Task objective:
Print, without alteration, the lines that extend from the one holding "Aprendiendo A Dibujar" to the final line of the listing below.
┄┄┄┄┄┄┄┄┄┄
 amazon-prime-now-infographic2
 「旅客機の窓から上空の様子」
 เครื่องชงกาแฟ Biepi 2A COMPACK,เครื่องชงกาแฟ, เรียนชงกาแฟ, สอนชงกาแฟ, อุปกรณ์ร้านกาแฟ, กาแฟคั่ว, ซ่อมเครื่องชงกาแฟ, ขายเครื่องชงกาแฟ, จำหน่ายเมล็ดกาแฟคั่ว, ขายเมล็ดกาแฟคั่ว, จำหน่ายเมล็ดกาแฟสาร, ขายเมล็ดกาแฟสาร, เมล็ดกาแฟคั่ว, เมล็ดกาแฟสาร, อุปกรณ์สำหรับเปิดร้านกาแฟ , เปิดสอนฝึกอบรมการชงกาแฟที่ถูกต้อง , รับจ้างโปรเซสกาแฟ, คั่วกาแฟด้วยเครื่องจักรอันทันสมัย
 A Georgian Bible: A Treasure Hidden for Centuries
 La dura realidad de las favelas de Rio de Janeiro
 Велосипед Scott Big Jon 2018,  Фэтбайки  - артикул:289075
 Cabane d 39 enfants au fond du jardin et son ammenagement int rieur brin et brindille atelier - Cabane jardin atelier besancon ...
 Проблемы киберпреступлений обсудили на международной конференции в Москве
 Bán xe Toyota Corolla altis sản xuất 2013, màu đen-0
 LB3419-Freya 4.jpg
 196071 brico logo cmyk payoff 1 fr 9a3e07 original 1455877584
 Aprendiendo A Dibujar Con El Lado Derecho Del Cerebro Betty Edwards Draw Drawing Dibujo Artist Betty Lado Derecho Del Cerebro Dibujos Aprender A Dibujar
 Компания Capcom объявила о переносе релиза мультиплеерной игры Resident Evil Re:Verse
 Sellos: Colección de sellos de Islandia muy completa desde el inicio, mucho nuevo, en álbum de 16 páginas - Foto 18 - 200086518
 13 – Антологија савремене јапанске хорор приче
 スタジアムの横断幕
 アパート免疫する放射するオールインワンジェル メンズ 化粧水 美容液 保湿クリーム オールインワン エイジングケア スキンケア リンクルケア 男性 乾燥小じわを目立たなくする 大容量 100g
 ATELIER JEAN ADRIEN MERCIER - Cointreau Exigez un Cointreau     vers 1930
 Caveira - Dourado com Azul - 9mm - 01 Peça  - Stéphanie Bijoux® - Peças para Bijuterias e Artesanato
┄┄┄┄┄┄┄┄┄┄
Your response:
 Aprendiendo A Dibujar Con El Lado Derecho Del Cerebro Betty Edwards Draw Drawing Dibujo Artist Betty Lado Derecho Del Cerebro Dibujos Aprender A Dibujar
 Компания Capcom объявила о переносе релиза мультиплеерной игры Resident Evil Re:Verse
 Sellos: Colección de sellos de Islandia muy completa desde el inicio, mucho nuevo, en álbum de 16 páginas - Foto 18 - 200086518
 13 – Антологија савремене јапанске хорор приче
 スタジアムの横断幕
 アパート免疫する放射するオールインワンジェル メンズ 化粧水 美容液 保湿クリーム オールインワン エイジングケア スキンケア リンクルケア 男性 乾燥小じわを目立たなくする 大容量 100g
 ATELIER JEAN ADRIEN MERCIER - Cointreau Exigez un Cointreau     vers 1930
 Caveira - Dourado com Azul - 9mm - 01 Peça  - Stéphanie Bijoux® - Peças para Bijuterias e Artesanato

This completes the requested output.